#### [Work item]
Copy out each line of the material exactly. Pictures do not belong in the copy.

#### [Recorded information]
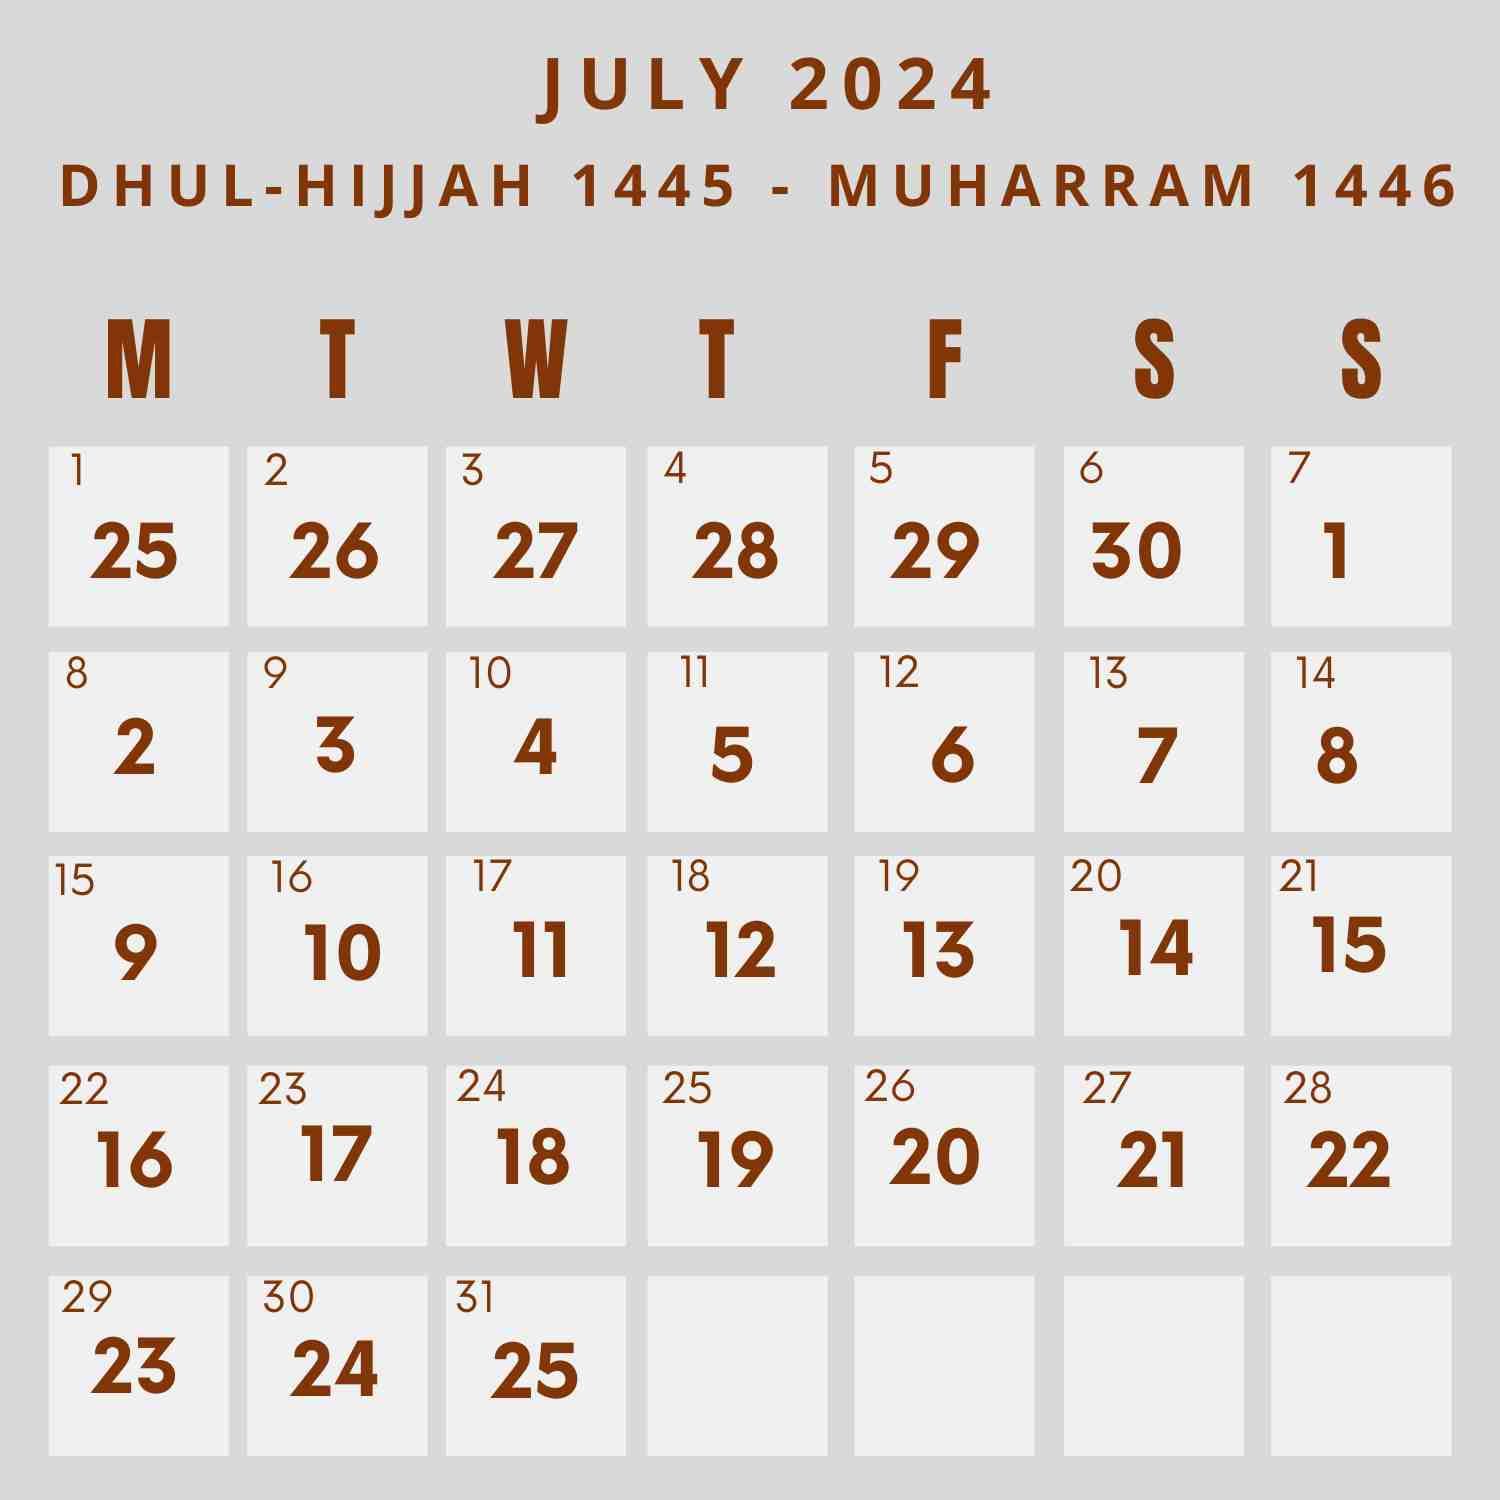 Islamic Calendar 2024 - Khwajadarbar inside 2 July 2024 In Islamic Calendar
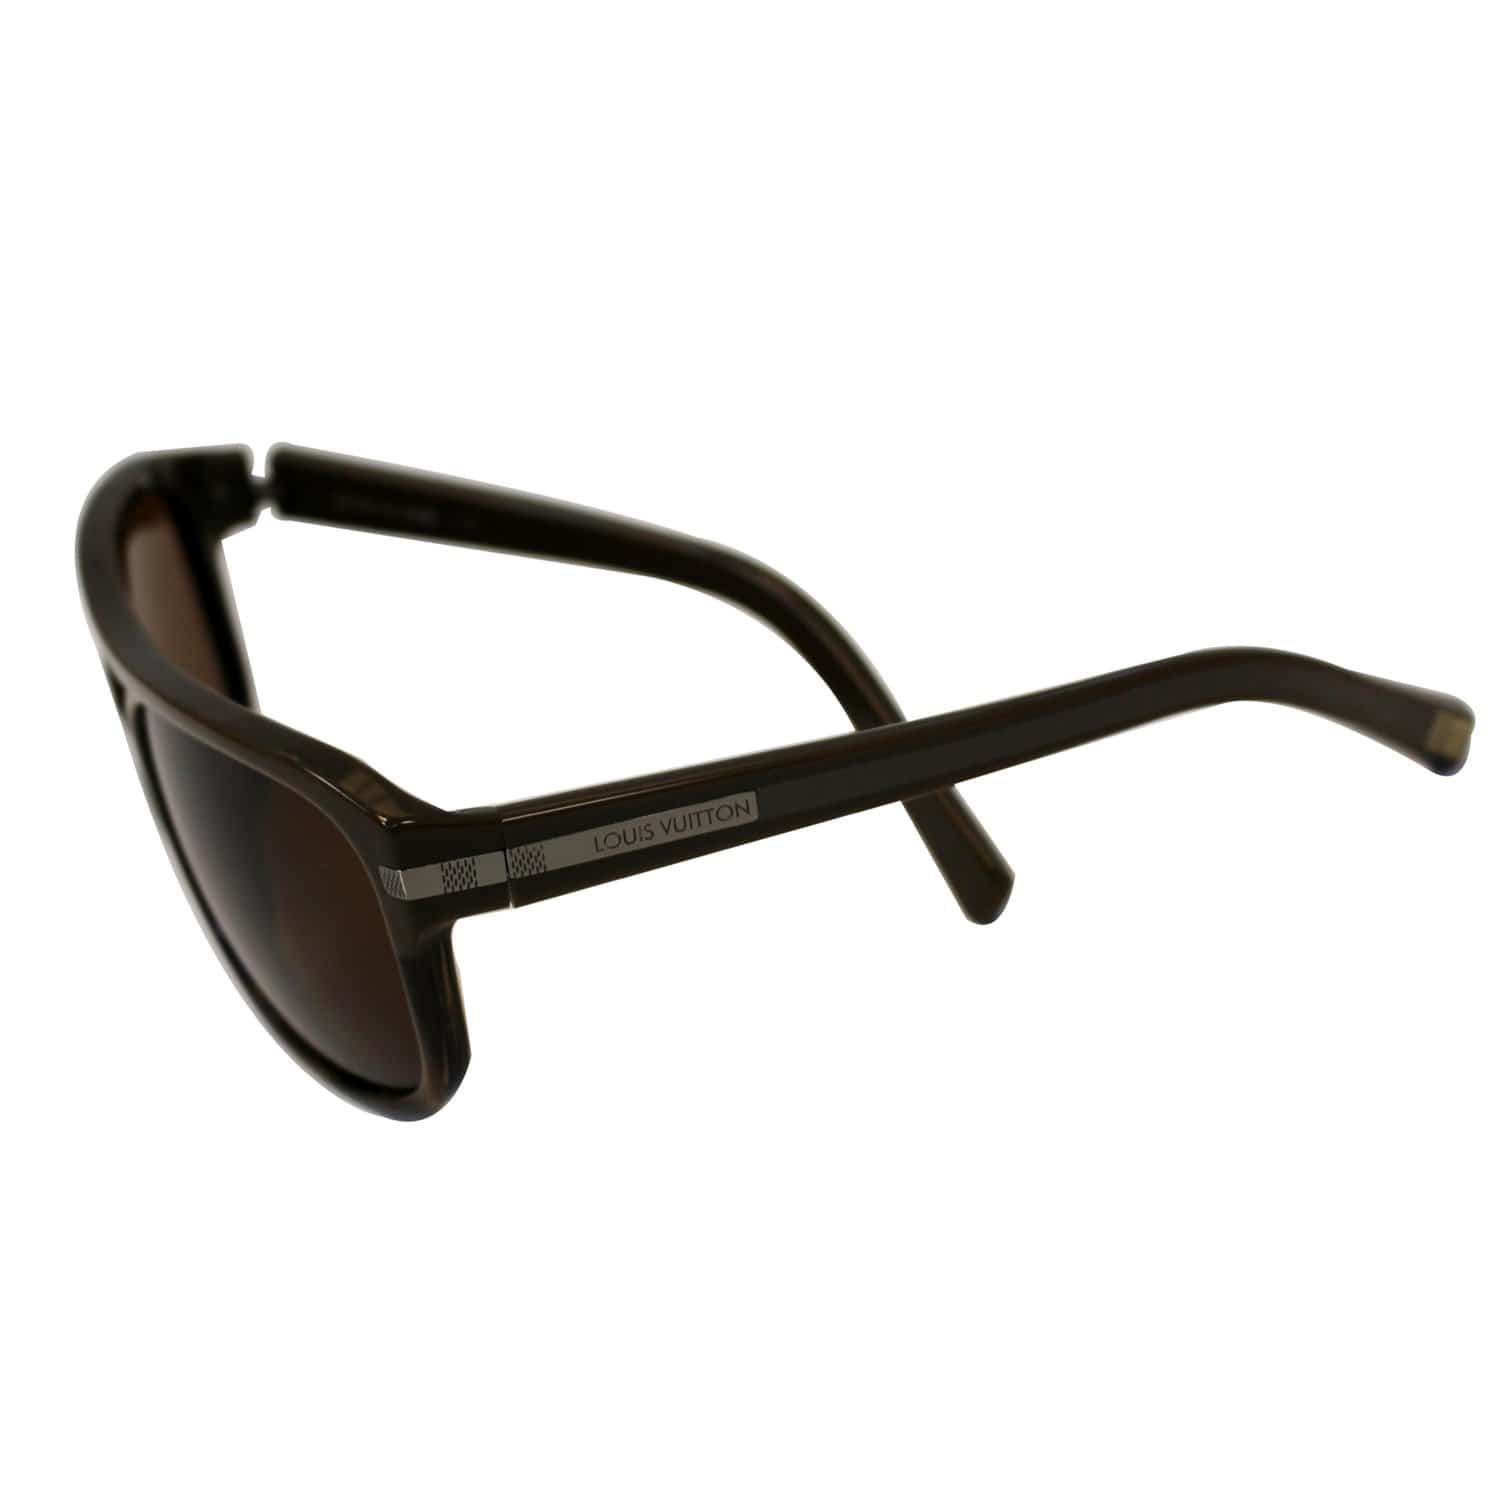 LOUIS VUITTON Possession Pilote Sunglasses Black 26976
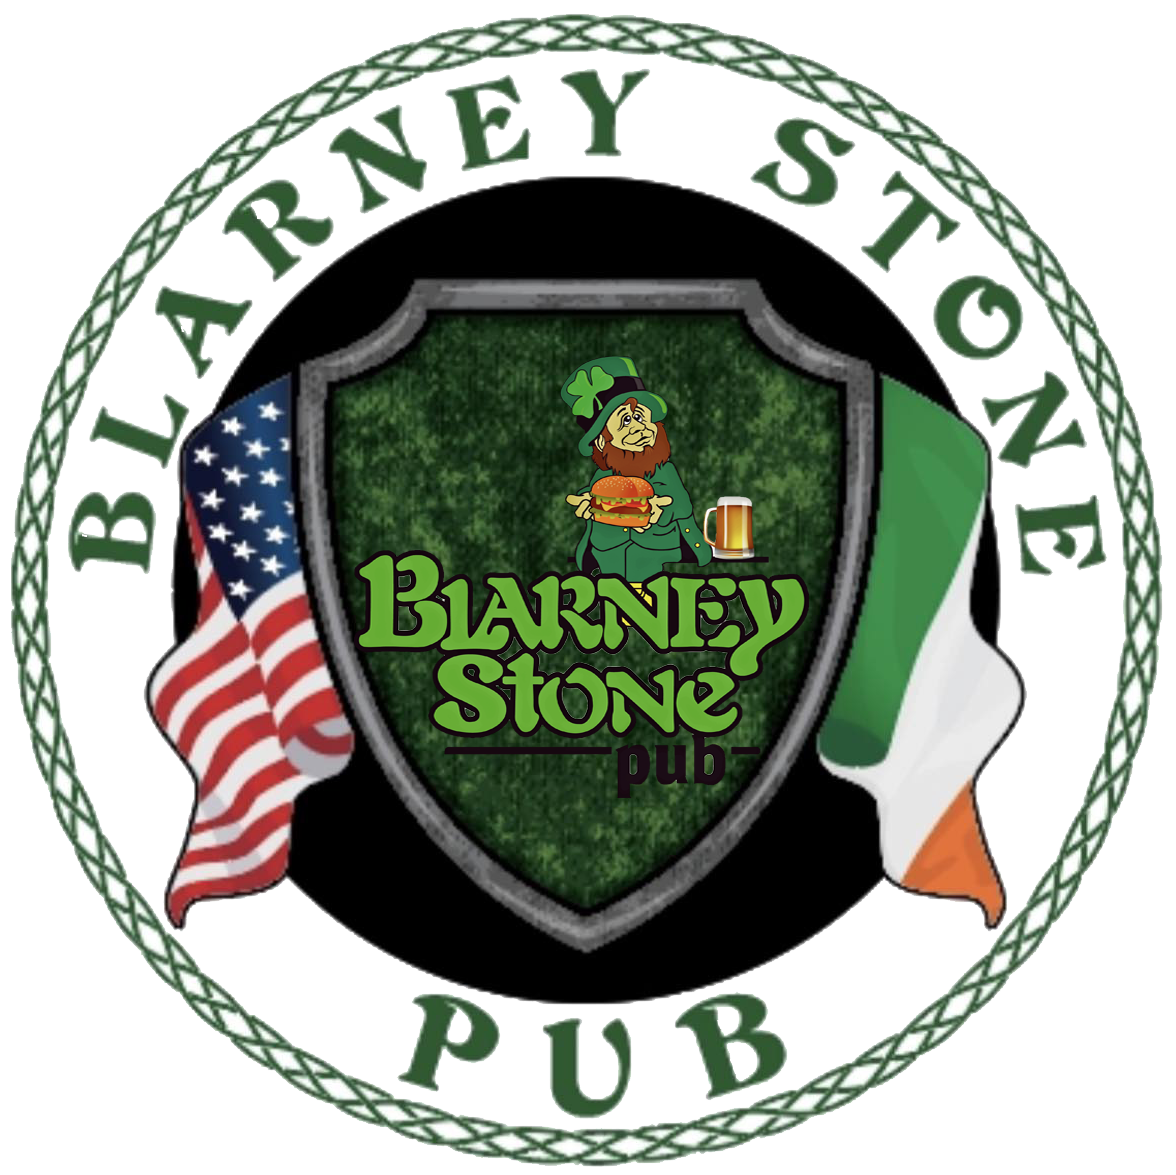 The Blarney Stone Pub Home

#### [Task response]
 Islamic Calendar 2024 - Khwajadarbar inside 2 July 2024 In Islamic Calendar
 LOUIS VUITTON Possession Pilote Sunglasses Black 26976
 The Blarney Stone Pub Home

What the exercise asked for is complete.